Haniel ignored Liam entirely, his gaze drifting from me to Ari. “I offer you a choice as well. Die here, or bear witness to my ascendency. Which will it be?”

Ari seized a sculpture from the table nearby and heaved it at him. She missed and obliterated the flatscreen TV behind Haniel. “I’m not planning to die any time soon.”

“Then I accept your decision,” said Haniel. “You will come to the midnight chapel, then, tomorrow. Unless you’re already dead.” The music of Paradisia swelled, and the archangel swelled with light, blinding me for an instant. When I blinked it away, only the demon remained. It smiled, an act which split its head all the way to the back.

And the red slime covering it caught fire. “You are unworthy to observe his glory, mortals. Burn in the flames of agony.” It took a step toward me.

And Liam took a step toward it.

Part of the whole dragon curse thing was that he never needed to worry about getting sunburned again. By that, I meant whether he was out in the sun, or on the surface of the sun, fire just didn’t harm him. If it had been me, I’d have used the element of surprise to get in a few blows.

My boyfriend, on the other hand, was hobbled by an unquenchable sense of fairness. He held up his hands, palms out. “That’s some nice fire you’ve got going there. What, two, three thousand degrees?”

Draklor curled off a small ball of fire and tossed it under hand.

“Oh, I get it! This is catch!” Liam caught it and tossed it back. “We can play this if you want. I could get a stick if you want to play fetch.”

While the demon studied its palms, Liam shot me a glance. “Get out of here before tall, dark, and ugly decides to preheat this place to three thousand degrees.”

“But—” I started to protest but found myself on the receiving end of a boss stare.

“M, let Liam play with fire,” said Ari, pulling me by the hand. “We’ve got bigger problems.”

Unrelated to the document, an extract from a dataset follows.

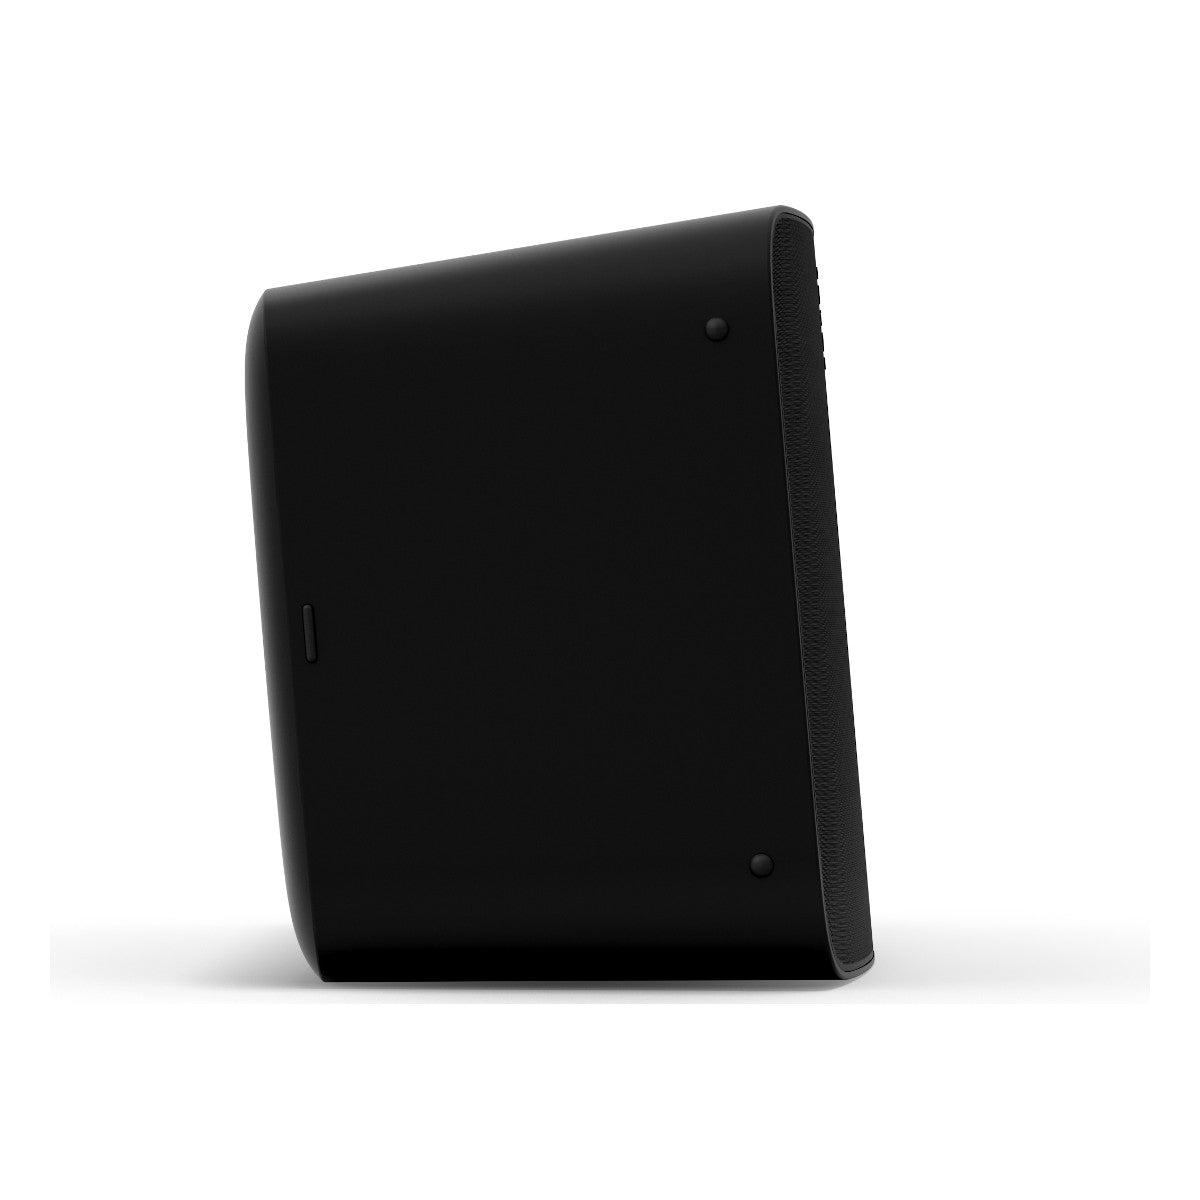 Sonos Five Wireless Speaker with Wall Mount (Black)

With some trepidation, I let her lead me out of the apartment. Liam was a big boy, right? And though I hadn’t meant to curse him, being immune to fire meant he had a leg, arm, and scaly tail up on the rest of us.

“That’s hellfire too,” said Liam. His voice carried into the hall, a deep bass I loved to hear. “Which we’ve already established I’m immune to. No, no, that’s just
more
hellfire. Can we assume anything that comes out of your hands is probably also hellfire?”